Searching Titles with Initial Articles in Library Catalogs: A Case Study and Search Behavior Analysis
Arsenault, Clement, Menard, Elaine, Library Resources & Technical Services
This study examines problems caused by initial articles in library catalogs. The problematic records observed are those whose titles begin with a word erroneously considered to be an article at the retrieval stage. Many retrieval algorithms edit queries by removing initial words corresponding to articles found in an exclusion list even whether the initial word is an article or not. Consequently, a certain number of documents remain more difficult to find. The study also examines user behavior during known-item retrieval using the title index in library catalogs, concentrating on the problems caused by the presence of an initial article or of a word homograph to an article. Measures of success and effectiveness are taken to determine if retrieval is affected in such cases.
When filing entries alphabetically in an index, ignoring initial definite and indefinite articles is customary. (1) For instance, the book titled The Earth and Its Inhabitants is normally filed under the letter "e." This procedure is used almost universally because initial articles "tend to be used intermittently," and also because, due to the high occurrences of initial articles in titles, it would otherwise produce very large groupings of entries beginning with the same word, thus losing the desired alphabetical dispersion of entries within the index. (2) In the current version of the MARC 21 standard, this procedure can be achieved, for the first index subfield in some fields, by using a numerical indicator (the non-filing characters indicator) corresponding to the number of initial characters to be ignored at the beginning of the string being indexed. In the above example, the non-filing indicator of field 245 (title) would be set to 4, indicating that the first four characters (t-h-e and the space) are to be ignored for indexing. (3) Using this technique allows the initial article to be retained in the title field and used for display, without being taken into account in the browse index.
Because the non-filing indicator is not available for all the fields in which articles and other non-filing elements occur, and also because non-filing data elements do not always occur at the beginning of a field, a new technique, setting off the non-filing zone by means of control characters, was approved in 1999 as a result of American Library Association (ALA) Machine-Readable Bibliographic Information (MARBI) Committees Proposal 98-16R. (4) Guidelines for use of the new non-filing control characters were discussed in two discussion papers, DP118 (June 1999) and 2002-DP05 (January 2002), and finally published in 2004 by the Network Development and MARC Standards Office of the Library of Congress. (5) This procedure offers more flexibility, as it allows the cataloger to identify non-sorting zones virtually anywhere in the record and tag them with the use of special control characters whose function is to delimit the beginning and the end of the non-filing elements. As far as data representation is concerned, there are fairly standardized, documented, and efficient ways of dealing with initial definite and indefinite articles in data elements; however, the MARC coding controls only the way initial articles are to be indexed, not the way the retrieval is done. (6) Less standardization is found at the retrieval stage and this is what is investigated in this study.
All systems preprocess search strings to some extent (e.g., ignoring case distinction, omitting punctuation or replacing it with spaces, ignoring diacritics) before sending them to the index.

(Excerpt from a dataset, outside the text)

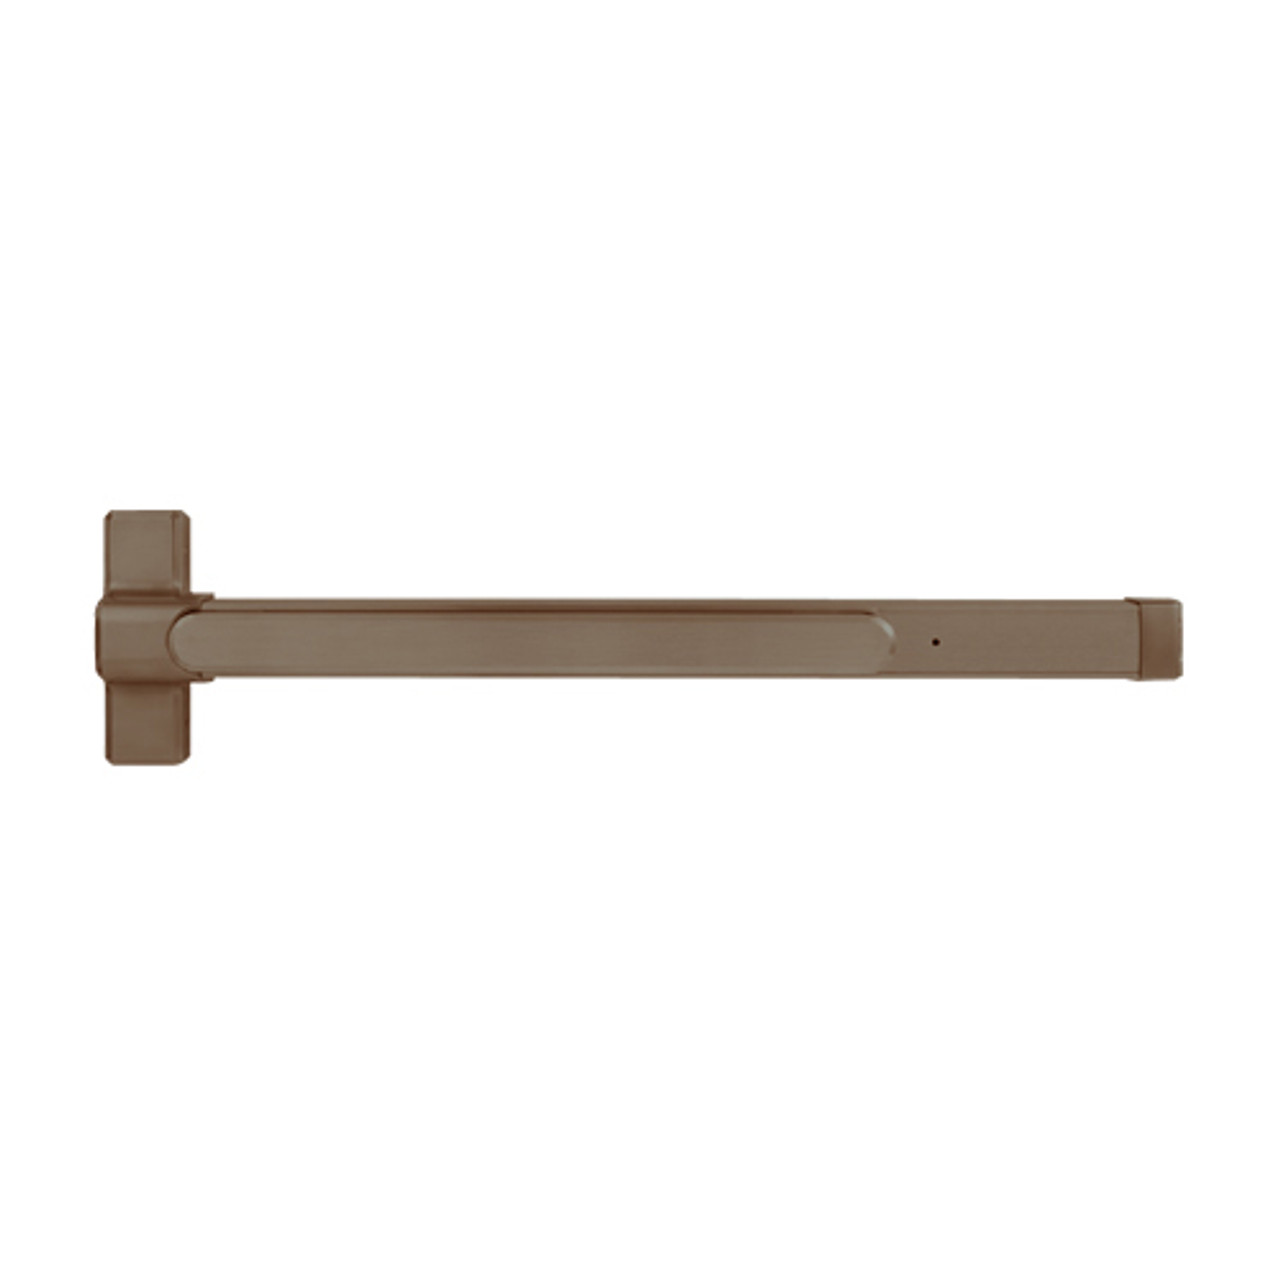 QED127ED-48-8-313AN Stanley QED100 Series Heavy Duty Concealed Vertical Rod Hex Dog Exit Device in Anodized Duranodic Bronze Finish

When a user launches a browse-title search in a library catalog, the retrieval module may activate an algorithm to detect the presence of an inopportune initial article at the beginning of the query string. Because most initial articles are removed from the entries when indexing the title strings, even if a user includes an initial article in his or her query, the algorithm will automatically eliminate the word/article and bring the user to the correct entry point in the index. …